# Recovering Deleted files from memory card... no luck so far



## msonberg (Apr 7, 2004)

My girlfriend deleted all the images on her memory card without saving them (pics of her father before he passed away to make this even worse). She has not taken any new pic's since she deleted them. I searched this forum and tried 2 different recovery apps and neither worked with her camera. I tested one of them on my camera and it worked just fine. Any suggestions?

My memory card is a Secure Digital
Hers is a Compact Flash

Thanks in advance...


----------



## kiwiguy (Aug 17, 2003)

Don.t use the software while the card is in the camera. 

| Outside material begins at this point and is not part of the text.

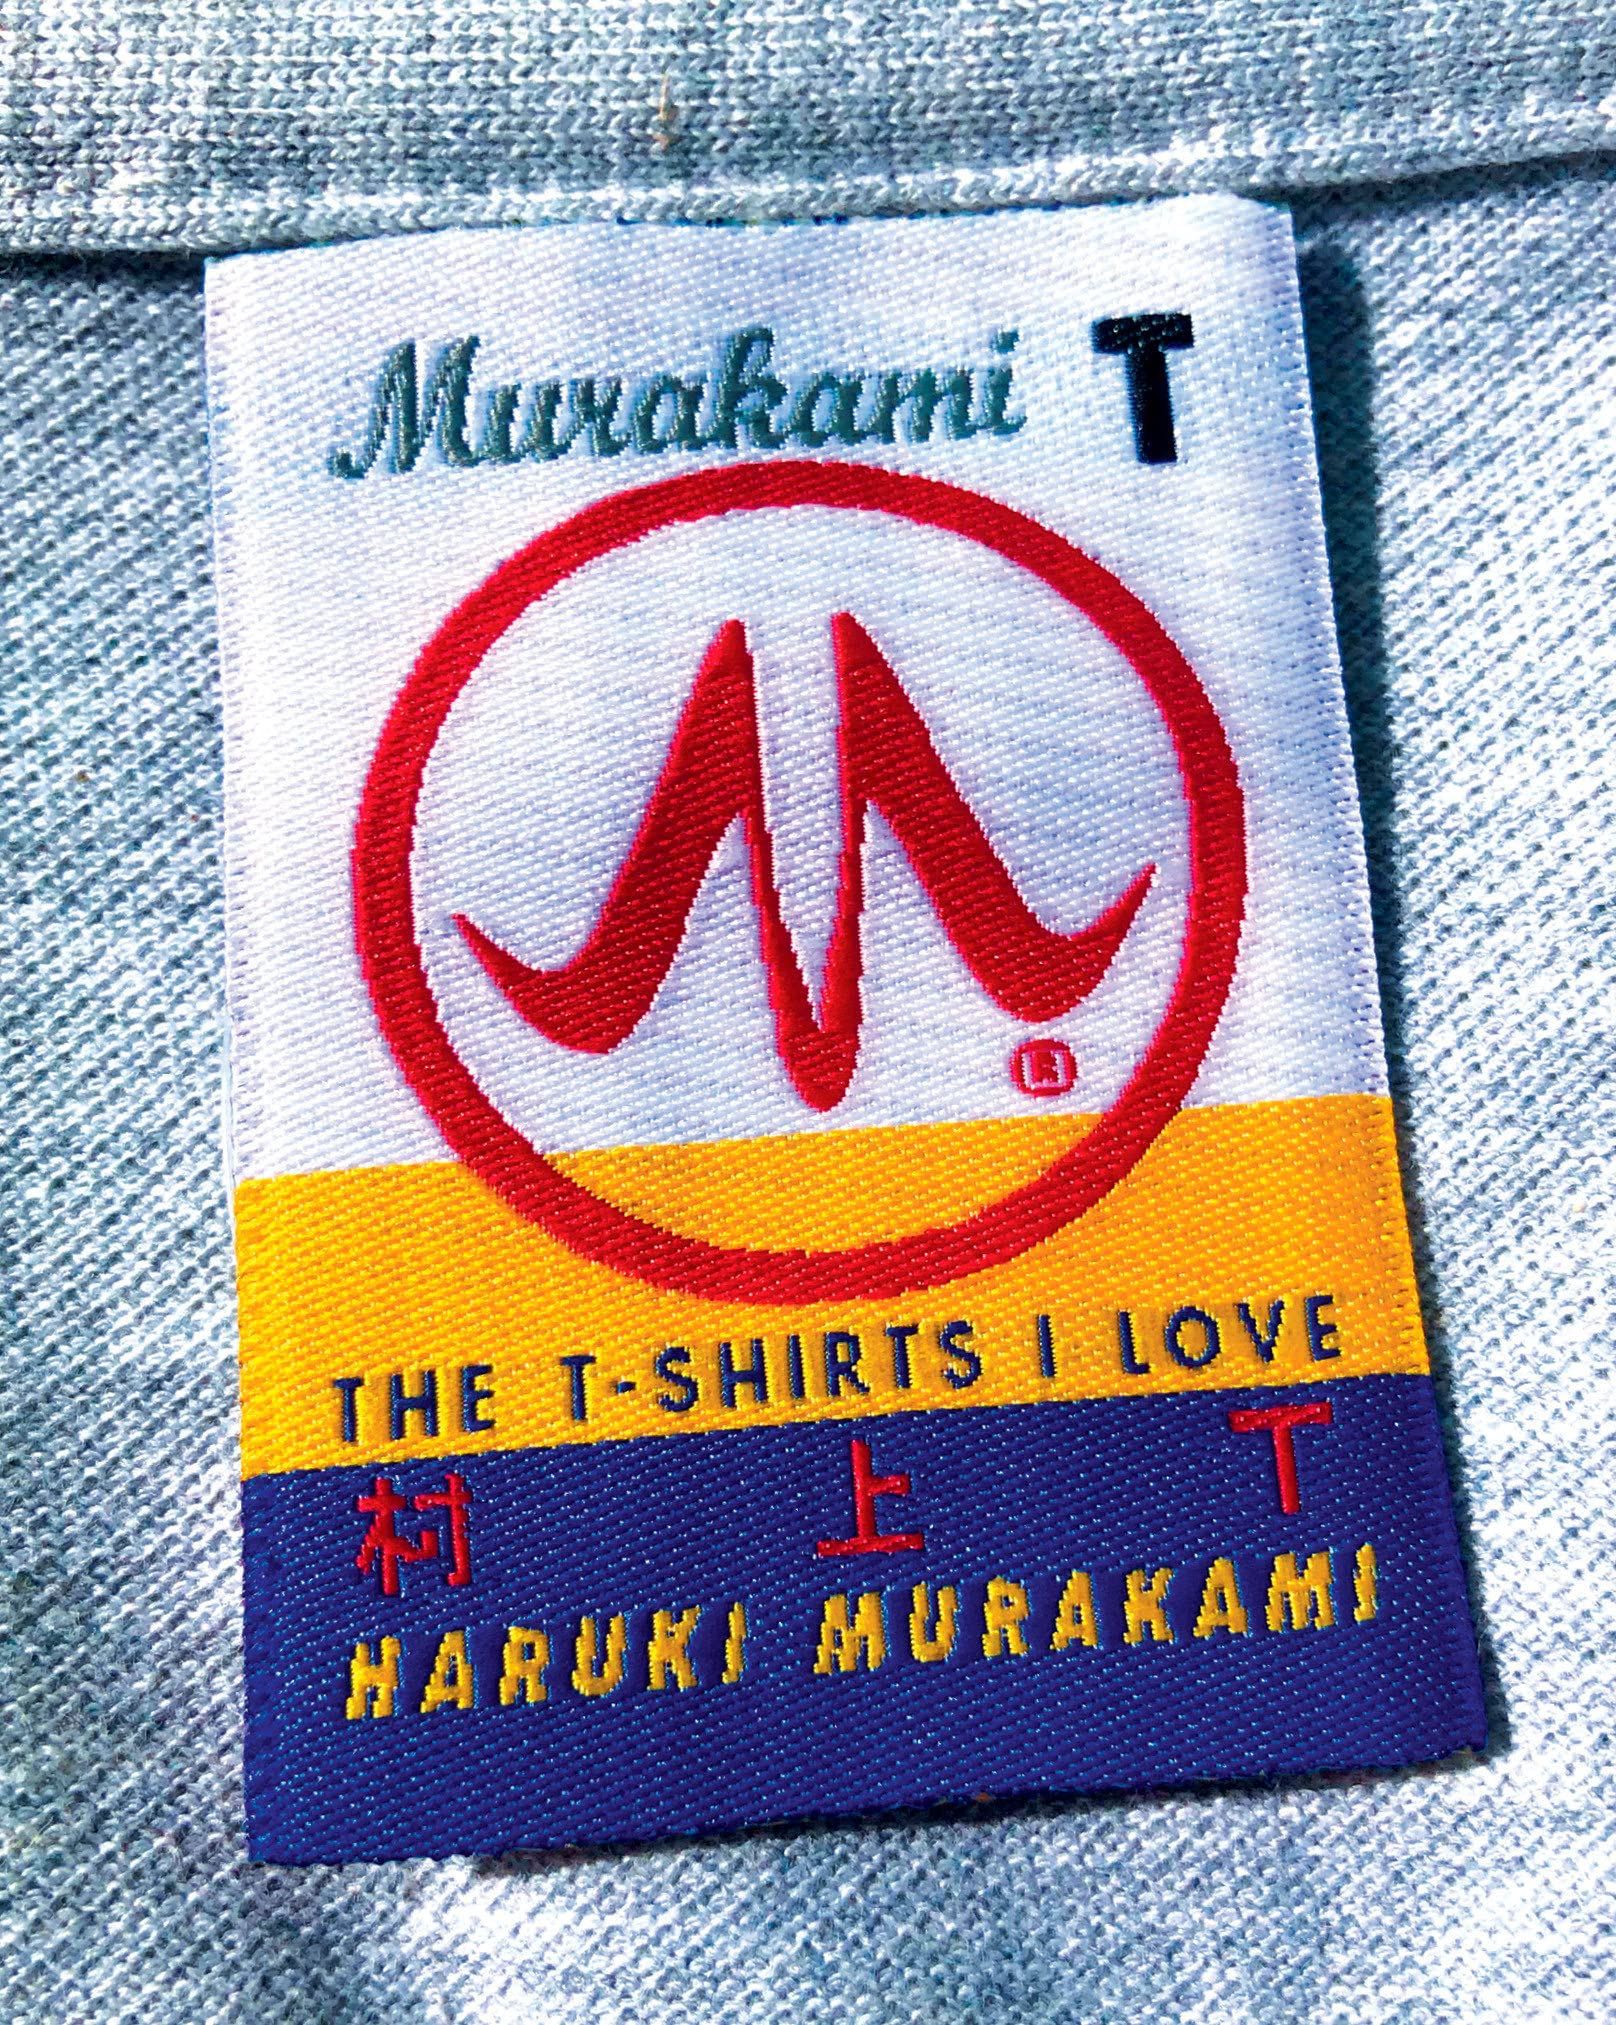 Murakami T: The T-Shirts I Love Hardcover by Haruki Murakami
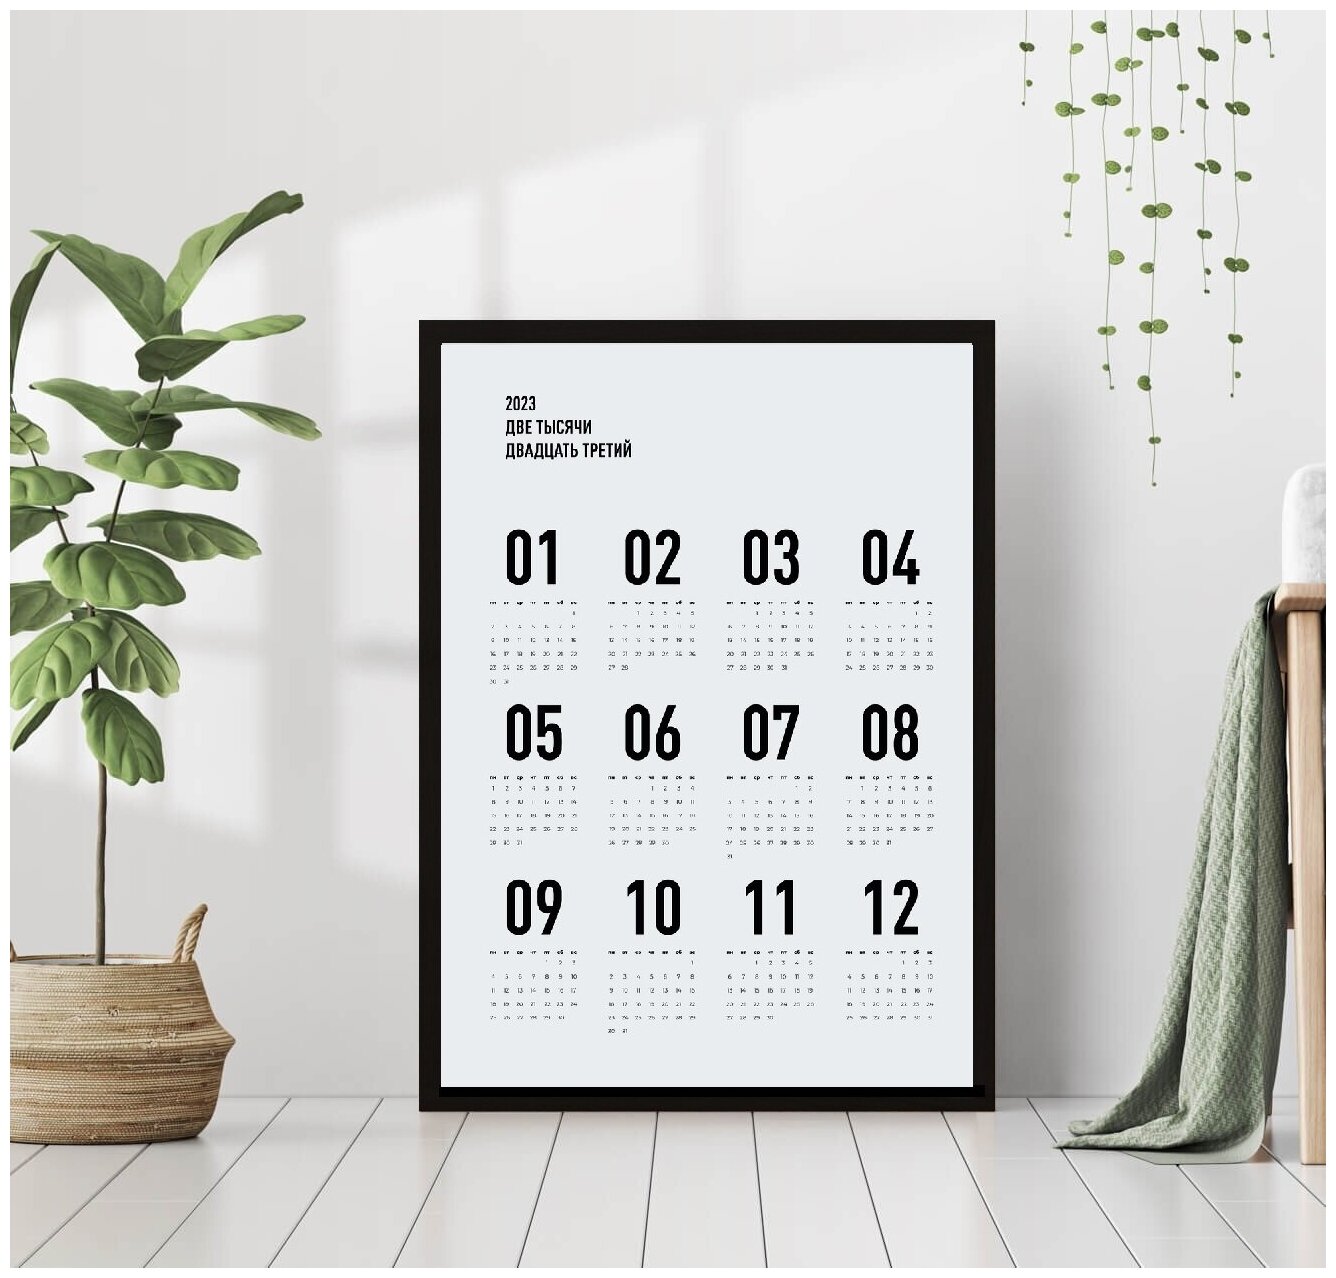 Постер "Календарь 2023 в современном стиле минимализм" 40 * 50 в черной раме / Картина / Постеры для интерьера / Плакаты / Рамка

Get a card reader and try, its going to remove one obstacle. 

The camera firmware may be intruding on or stopping the operation.


----------



## Moby (Mar 19, 2002)

Also what programmes have you tried? Pc inspector has never let me down using it with a card reader as Kiwiguy suggests.

http://www.snapfiles.com/authorinfo/apps-7119702.html


----------



## Joe66 (Nov 16, 2005)

The best recovery software I have found is PC Inspector - Smart Recovery. Its freeware from CONVAR which I think is located in Germany. It was able to recover my deleted images when three others couldn't.


----------



## acraftylady (Jan 22, 2003)

Here's the link for PC Inspector When I tested this on my smart media card it got the files back as long as I didn't format the card yet so hopefully you just deleted and did not format.


----------



## samboy (Nov 11, 2005)

Hello,

DataRecoveryWizard utility can help. Speaking about me, it was 
easily able to restore deleted, lost file and unformat drive, 
so I think you will also find it quite useful. Really recommended 
tool, give it a try.


----------



## acraftylady (Jan 22, 2003)

Will DataRecoveryWizard work with camera cards or is it just for files on the computer? Would like to know if the original poster got the photos off the card using PC inspector.


----------



## buck52 (Mar 9, 2001)

Hi acraftylady... we are all waiting to here from... *msonberg*

buck


----------